Tuż po meczu ze Słowacją spore zamieszanie wzbudziły doniesienia Tomasza Smokowskiego, który w trakcie jednego z programów na Kanale Sportowym oznajmił, iż widział markery zmęczeniowe jednego z naszych reprezentantów. Do całej sytuacji w końcu odniósł się zarówno zawodnik kadry, jak i rzecznik prasowy. Tymoteusz Puchacz skomentował sprawę lekkim żartem.
Pojawiło się mnóstwo teorii na temat przygotowania fizycznego reprezentacji Polski.

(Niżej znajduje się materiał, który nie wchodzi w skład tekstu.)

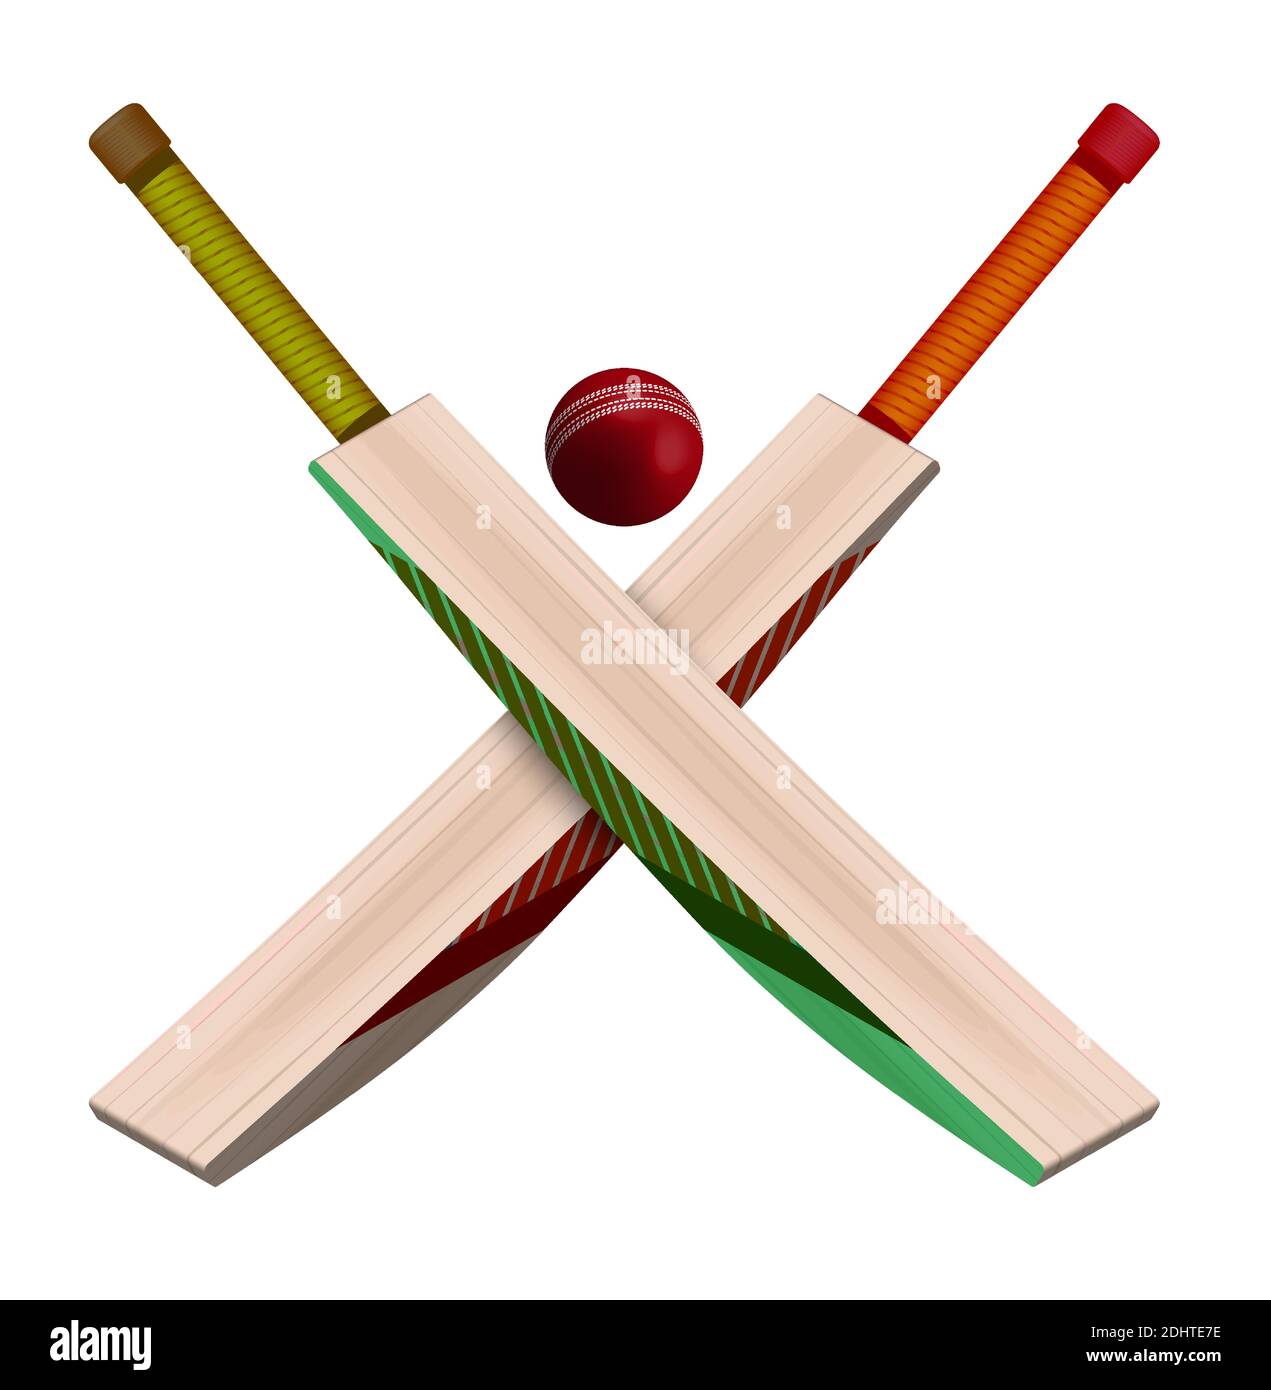 chauves-souris en bois croisé et ballon de cricket rouge en cuir avec un style réaliste sur fond blanc. Sports d'équipe d'été. Vecteur sur fond blanc Illustration de Vecteur

Oliwy do ognia z pewnością dolała wypowiedź Tomasza Smokowskiego, który w programie Hejt Park zdradził, że widział markery zmęczeniowe jednego z piłkarzy naszej kadry i były bardzo niepokojące, gdyż znacząco przewyższały normę.
Sprawa wyjaśniona
Ten temat został poruszony w trakcie poniedziałkowej konferencji prasowej. Najpierw do pytania odniósł się Tymoteusz Puchacz, który w dość zabawny sposób oznajmił, iż jedyne markery jakie widział, to te do podpisywania piłek.
#Euro2020. Tymoteusz Puchacz: "markery" zmęczeniowe? Jedyne markery, jakie widziałem, to te, którymi podpisujemy piłki#wieszwięcej @sport_tvppl pic.twitter.com/DCTVEo0K9v
— tvp.info 🇵🇱 (@tvp_info) June 21, 2021
Poważnie do tematu podszedł Jakub Kwiatkowski. Rzecznik PZPN wyjaśnił, że te wyniki dotyczyły zawodnika, który był kontuzjowany, więc wynik nie musiał koniecznie oznaczać przemęczenia.